Viral! Wanita di Lampung Dianiaya 2 IRT di Depan Anak, Kemaluan Diolesi Cabai

Lampung Gehverified-green

·waktu baca 2 menit

google
Tambah ke Prefensi Google
info
Jadikan kumparan sebagai preferensi terpercayamu di Google
comment
0
sosmed-whatsapp-white
copy-circle
more-vertical
Tangkap layar video 2 IRT menganiaya seorang wanita di Jalan Desa Ciamis, Kecamatan Sungkai Utara, Kabupaten Lampung Utara pada Minggu (1/12) sekitar pukul 14.00 WIB. | Foto: Dok Istimewa
zoom-in-whitePerbesar
Tangkap layar video 2 IRT menganiaya seorang wanita di Jalan Desa Ciamis, Kecamatan Sungkai Utara, Kabupaten Lampung Utara pada Minggu (1/12) sekitar pukul 14.00 WIB. | Foto: Dok Istimewa

Lampung Geh, Lampung Utara - Beredar video di media sosial memperlihatkan seorang wanita dianiaya dua orang Ibu Rumah Tangga (IRT) di depan anaknya. Dalam video berdurasi 1 menit 21 detik tersebut, terlihat korban dijambak dan kepalanya dibenturkan kelantai. Kedua pelaku juga mengolesi kemaluan korban menggunakan cabai. Selain itu, terdengar juga suara tangisan seorang anak. Saat dikonfirmasi, Kasatreskrim Polres Lampung Utara, AKP Stefanus Reinaldo Fajar Nuswantoro Boyoh membenarkan peristiwa tersebut. Ia mengatakan, peristiwa itu terjadi di rumah korban W (24) di Jalan Desa Ciamis, Kecamatan Sungkai Utara, Kabupaten Lampung Utara pada Minggu (1/12) sekitar pukul 14.00 WIB. "Benar, salah satu dari pelaku pengeroyokan dan penganiayaan telah menyerahkan diri ke Polres Lampung Utara," katanya kepada Lampung Geh.
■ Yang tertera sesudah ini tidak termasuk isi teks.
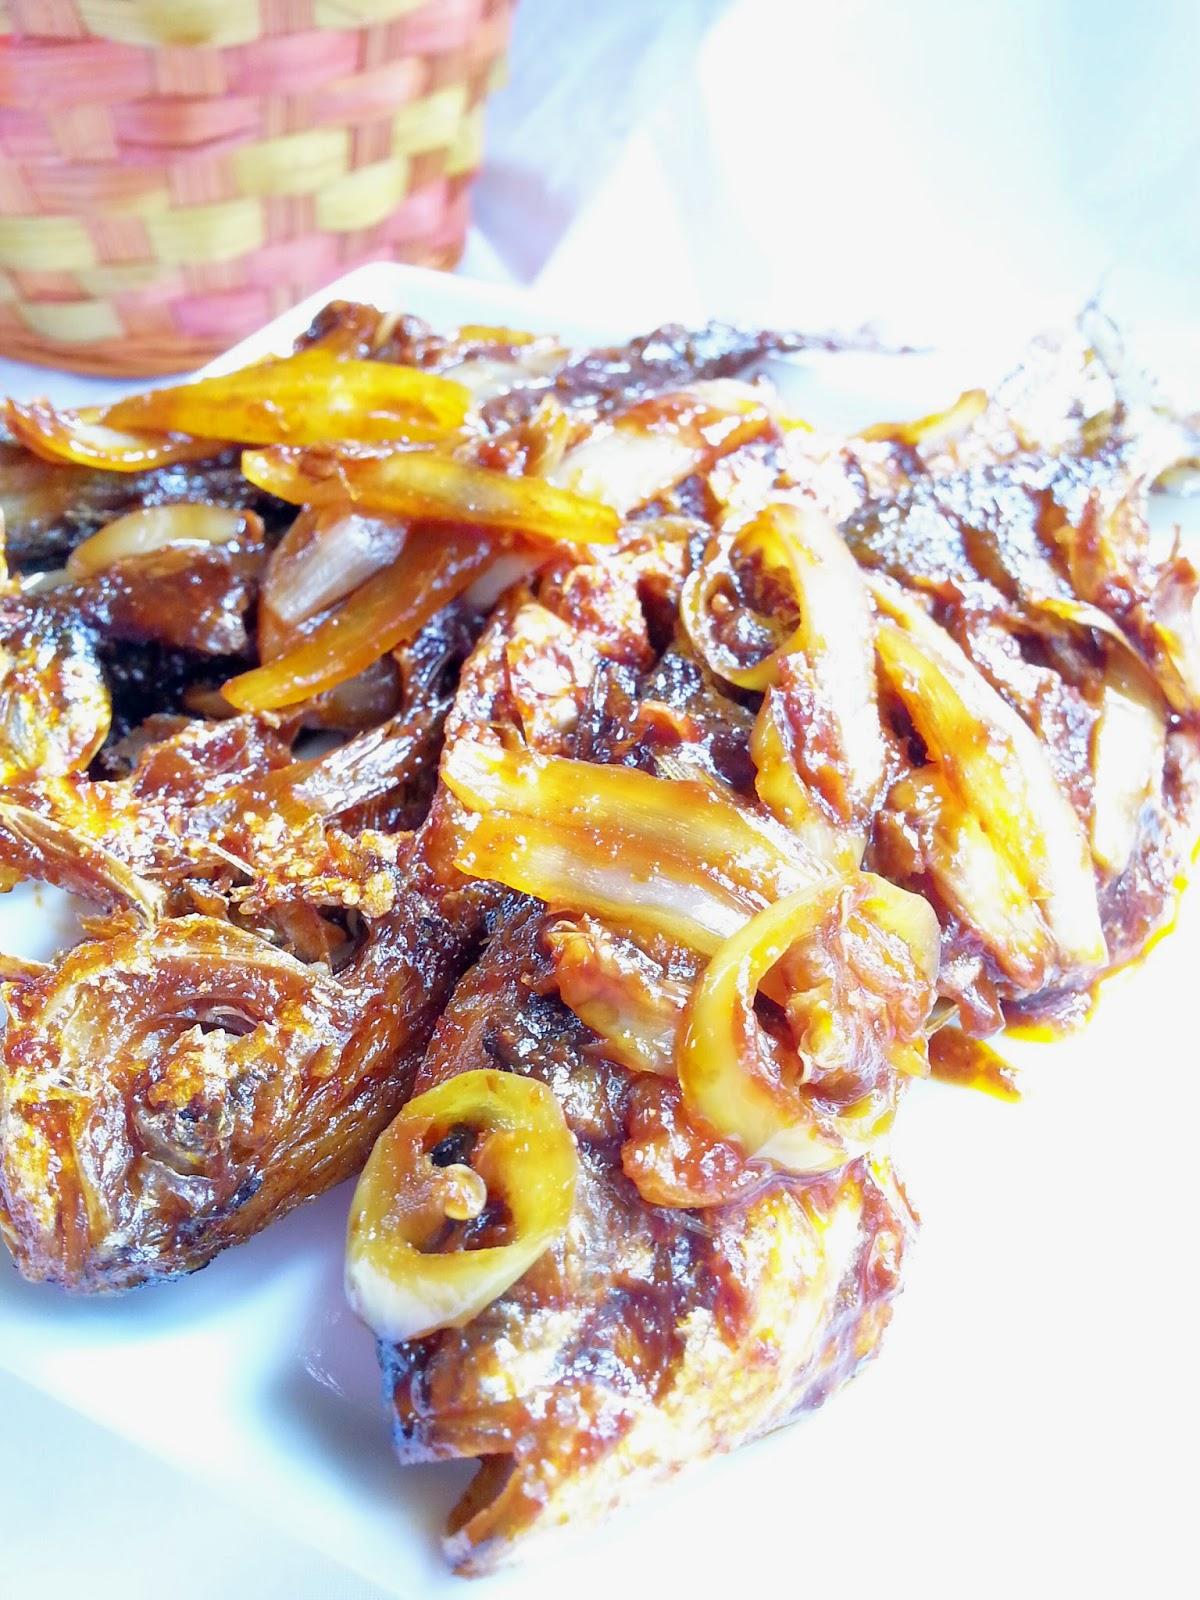 resepi ikan goreng kicap ikan masak kicap mudah  senang ceritera  gadis biru goreng dlm Resepi Ikan Selar Masak Pedas Enak dan Mudah

Stefanus menjelaskan, pelaku berinisial DE (31) warga Dusun Batu Raja tersebut menyerahkan diri pada Sabtu, 14 Desember 2024 pukul 22.00 WIB. "Barang bukti yang diamankan berupa satu stel pakaian korban dan satu plastik berisikan sisa cabai," ucapnya. Menurut Stefanus, saat ini penyidik sedang melakukan pemeriksaan secara intensif terhadap pelaku. "Pelaku lainnya masih dalam pencarian. Saat ini penyidik sedang melakukan pemeriksaan secara intensif terhadap pelaku," pungkasnya. Akibat perbuatannya, pelaku yakni dijerat dengan Pasal 170 ayat (1) atau pasal 351 ayat (1) junto pasal 55 ayat (1) ke 1 KUHP dengan ancaman hukuman maksimal lima tahun enam bulan. (Yul/Ansa)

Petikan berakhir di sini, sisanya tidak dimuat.